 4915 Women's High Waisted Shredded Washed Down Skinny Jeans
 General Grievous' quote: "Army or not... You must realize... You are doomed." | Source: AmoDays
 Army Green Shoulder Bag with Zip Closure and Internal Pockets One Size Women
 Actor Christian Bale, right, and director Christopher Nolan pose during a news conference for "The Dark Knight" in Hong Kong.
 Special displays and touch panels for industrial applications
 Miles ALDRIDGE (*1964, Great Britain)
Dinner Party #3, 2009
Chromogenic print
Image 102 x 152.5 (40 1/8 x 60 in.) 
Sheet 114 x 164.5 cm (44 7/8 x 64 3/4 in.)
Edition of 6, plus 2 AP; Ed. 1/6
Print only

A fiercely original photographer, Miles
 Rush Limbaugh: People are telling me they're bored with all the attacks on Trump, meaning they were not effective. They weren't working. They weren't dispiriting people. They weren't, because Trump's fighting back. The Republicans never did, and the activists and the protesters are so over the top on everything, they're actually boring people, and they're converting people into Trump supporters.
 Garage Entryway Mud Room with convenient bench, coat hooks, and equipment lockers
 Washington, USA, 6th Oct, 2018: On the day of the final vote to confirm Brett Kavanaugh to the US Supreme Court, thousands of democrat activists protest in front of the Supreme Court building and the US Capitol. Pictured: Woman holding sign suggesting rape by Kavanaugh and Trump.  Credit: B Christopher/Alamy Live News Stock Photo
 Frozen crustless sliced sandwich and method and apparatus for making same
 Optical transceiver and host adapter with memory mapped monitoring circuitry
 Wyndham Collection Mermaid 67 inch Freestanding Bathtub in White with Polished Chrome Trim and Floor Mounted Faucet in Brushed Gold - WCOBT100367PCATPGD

_TASK REQUIREMENTS_
Where the data above reaches the line holding "Army Green Shoulder", begin printing, and stop after the line holding "A fiercely original photographer, Miles". Each line must be reproduced exactly, with nothing else added.

_THE ANSWER_
 Army Green Shoulder Bag with Zip Closure and Internal Pockets One Size Women
 Actor Christian Bale, right, and director Christopher Nolan pose during a news conference for "The Dark Knight" in Hong Kong.
 Special displays and touch panels for industrial applications
 Miles ALDRIDGE (*1964, Great Britain)
Dinner Party #3, 2009
Chromogenic print
Image 102 x 152.5 (40 1/8 x 60 in.) 
Sheet 114 x 164.5 cm (44 7/8 x 64 3/4 in.)
Edition of 6, plus 2 AP; Ed. 1/6
Print only

A fiercely original photographer, Miles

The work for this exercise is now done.